How do you continue the journey when it comes to diversity, equity, inclusion and belonging? A recent SIA webinar  included a deep, rapid-fire discussion of the barriers, framework and components to create and keep your DE&I program moving forward.
Topics discussed in the webinar event included a couple areas of diversity often overlooked in DE&I initiatives and steps companies can take to address them.
Neurodivergent candidates. Neurodivergence and neurodiversity are terms used to describe people who process information and behave in a way that differ from actual or perceived norms. Although many neurodivergent individuals may have exceptional talents and other stand-out attributes, they often remain overlooked and misunderstood along with being stereotyped, particularly when it comes to employment. This has led to high rates of unemployment or underemployment throughout this community. Examples of neurodiversity includes autism, dyslexia, ADHD and other neurological conditions.
Barriers to DE&I
What barriers keep well-intentioned companies from moving forward at the pace they would like?
- Lack of corporate mandates/strategy
- Lack of data
- Change management
- Limited ecosystem of partners
- Confusion on where to start
Candidates with disabilities. Individuals with disabilities have historically been overlooked and misrepresented in society, leading to isolation in some cases. The Americans with Disabilities Act of 1990, which prohibits discrimination against qualified individuals with disabilities in employment as well as other contexts, has advanced understanding of the nature of various disabilities and raised awareness to the fact that people with disabilities can achieve significant personal and professional goals, but more still needs to be done. For the purposes of the ADA, a disability is a physical or mental impairment that substantially limits one or more major life activities, a person who has a history or record of such an impairment, or a person who is perceived by others as having such an impairment. Examples of disabilities include visual impairment, hearing impairment, mobility/physical disability and hidden disabilities.
To ensure your program is including candidates from these communities, take some steps to actively screen them in, such as:
- Provide qualifiable requirements in your job descriptions
- Be understanding of reasons for employment gaps
- Appreciate and look for translatable skills
- Give weight to other skills that can be beneficial
Be aware of your company’s narrow or fixed versus flexible requirements and capitalize on the more flexible. Always be aware that any particular résumé may be nontraditional and remain open to possibilities; if you can, be creative when it comes to inclusion.
Drive success and make accommodations. The interview process can also be a barrier to some candidates. To ensure a fair experience, you can take some steps to even the playing field. For starters, arrange parking, pathways and access points in advance and be extra thoughtful about the first impressions and experiences a candidate may have. Also, build more time into the overall interview process. Finally, plan for accommodations in advance, such as translators or therapy animals.
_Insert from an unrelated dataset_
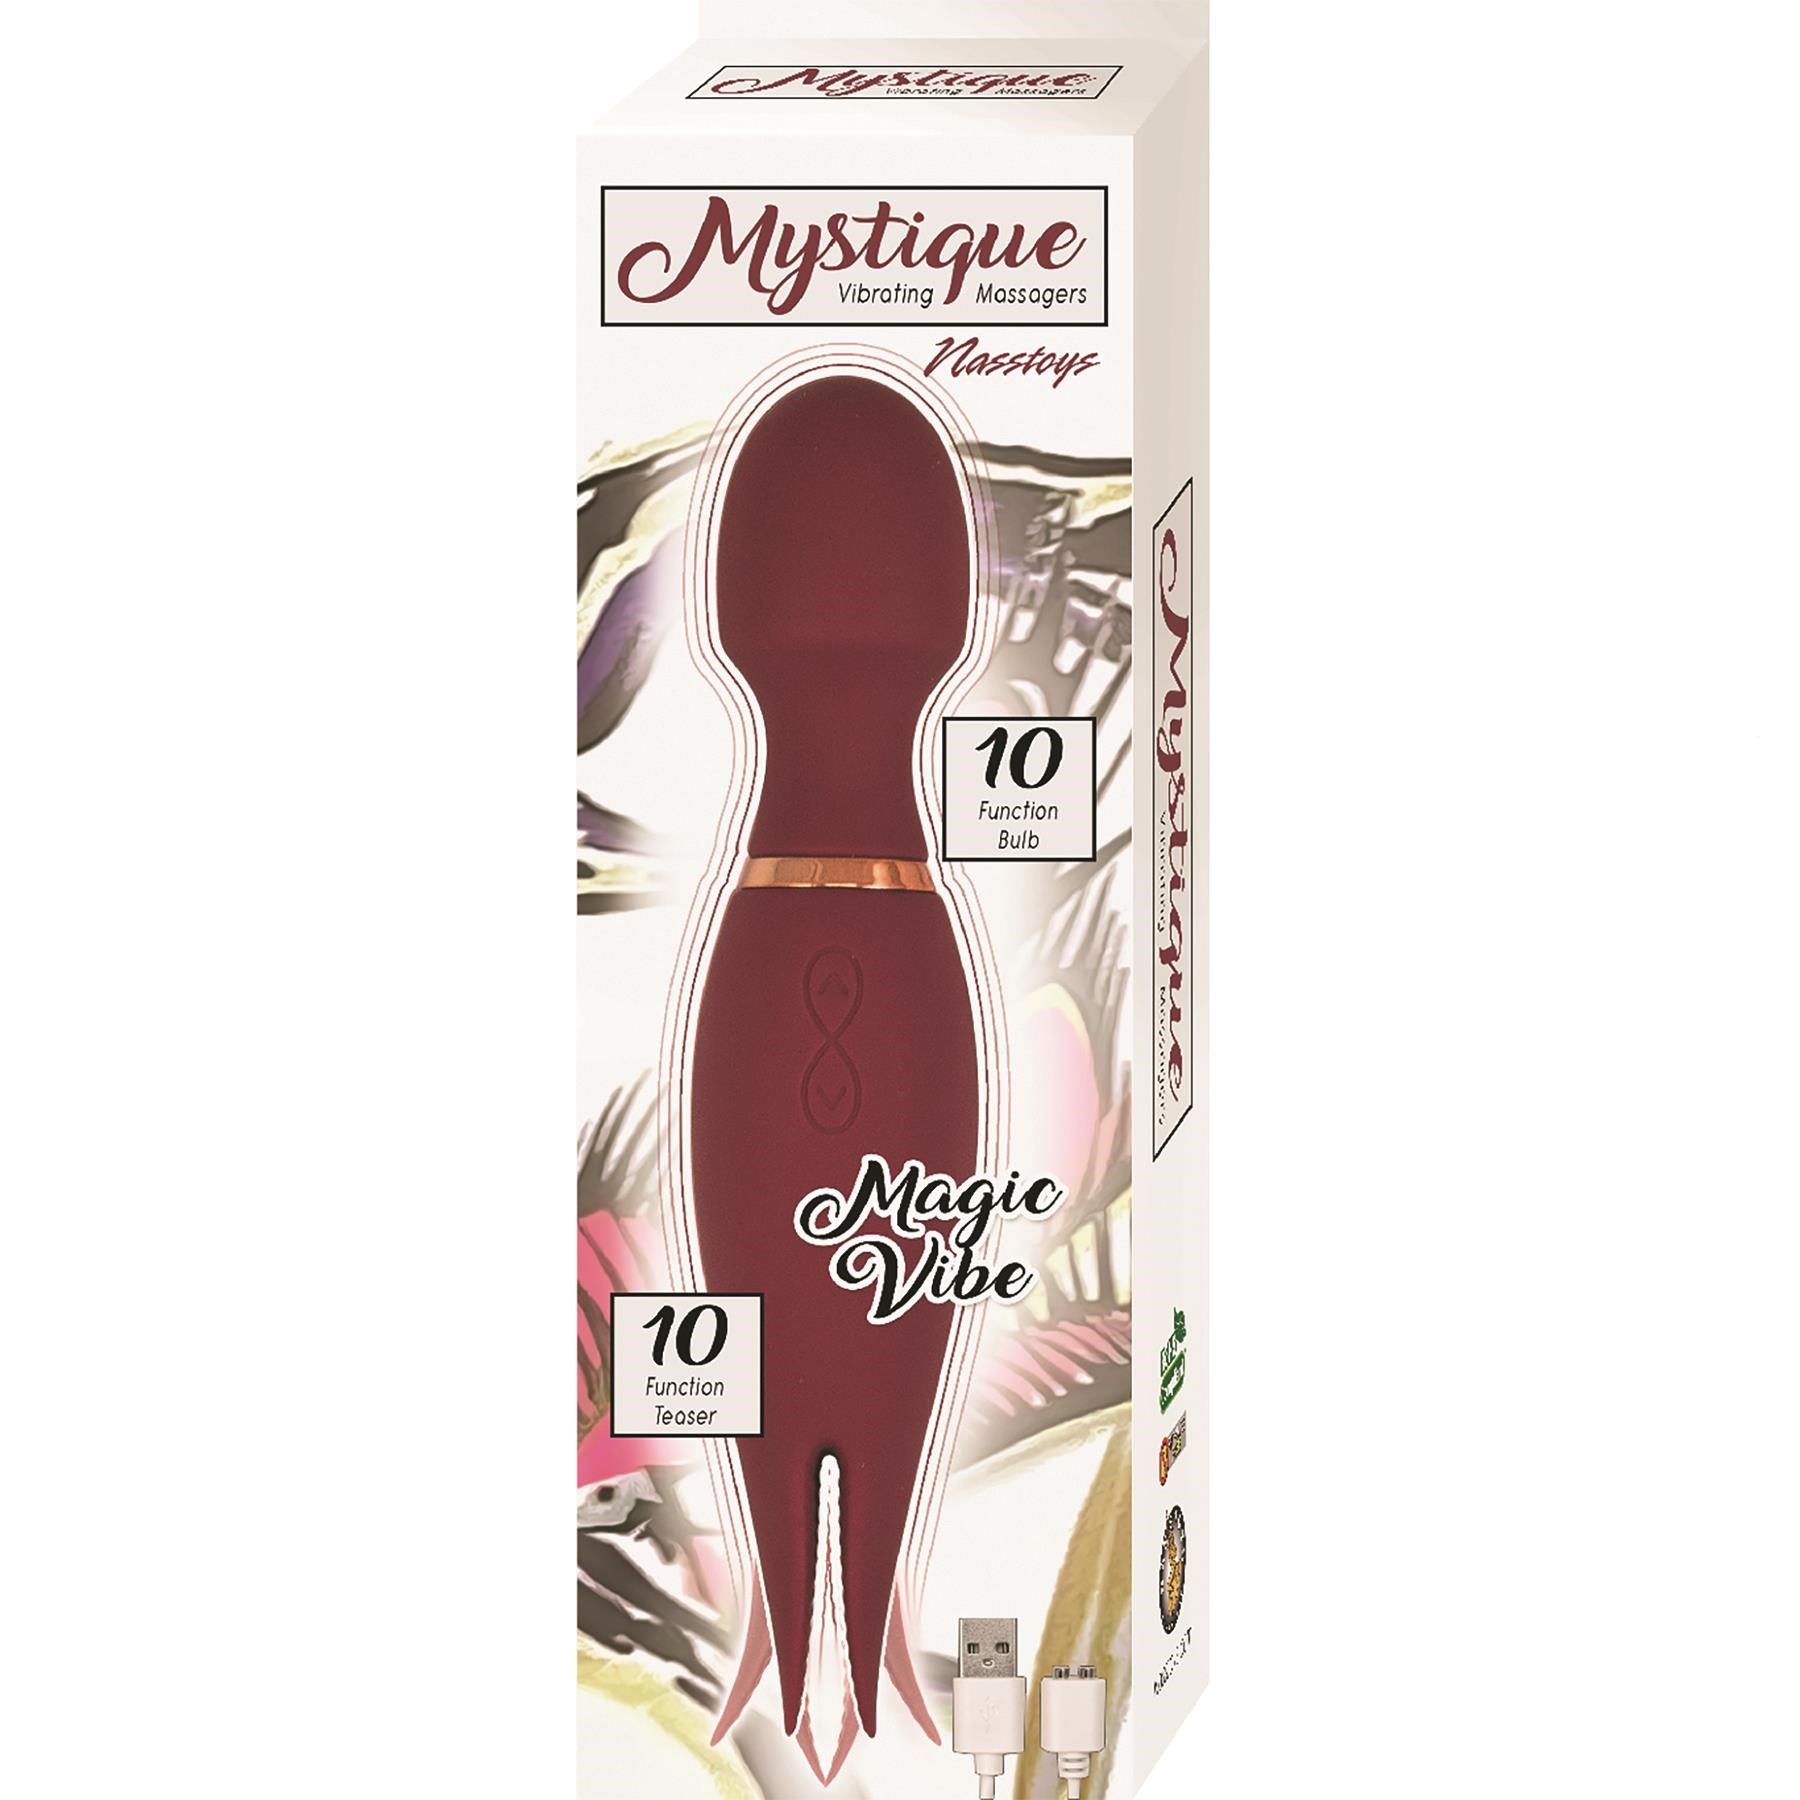 Mystique Magic Vibe Wand Massager - Packaging

Large panel interviews, which can be intimidating for anyone, were discussed during the webinar  as problematic for certain candidates. Consider reasonable accommodations for those with less interview experience and different levels of sensory perception, and slow down the process to appreciate the abilities that can drive great talent outcomes for your company.
You may also consider visual or audible alarms and review your website and electronic systems to ensure they meet accessibility guidelines.
The Bottom Line
According to a study released  by Accenture, organizations with advanced DE&I practices gain increased innovation, improved shareholder value, improved productivity and broader access to talent. In fact, sales at these companies grew almost 2.9 times faster than other companies over the past three years, while EBITDA grew 4.1 times faster.
Enterprise buyer organizations in the webinar audience, as well as the panelists, noted training and awareness as a critical component to success.
“There has to be a training to be conscious to hire people who do not look like you,” one attendee commented. “It also takes a commitment from the hiring manager, i.e., invest more time to train and take more ‘risk’ when hiring a neurodiverse candidate.”
Another advised, “Make sure the door is open, give these candidates a chance to succeed. Work with your hiring managers to understand translatable skills and align to reasonable accommodations.”
Moving the Needle Forward
Use understanding, empathy and support to create action. Consider a strategy to integrate and accommodate your DE&I solutions within existing processes. Make a conscious effort to remove barriers, screen in and provide reasonable accommodations. This will drive an increase in engagement and retention and expand your culture of inclusion and belonging that will help you develop a more diverse workforce. Your company can help address untapped talent and unmet need in your local communities and ultimately implement a cost-effective, scalable and sustainable talent acquisition strategy. Gain the strengths of a diverse, equitable and inclusive workforce and create an atmosphere where everyone feels like they belong.
This creates a culture where people bring their authentic selves to work and the results are visible to all.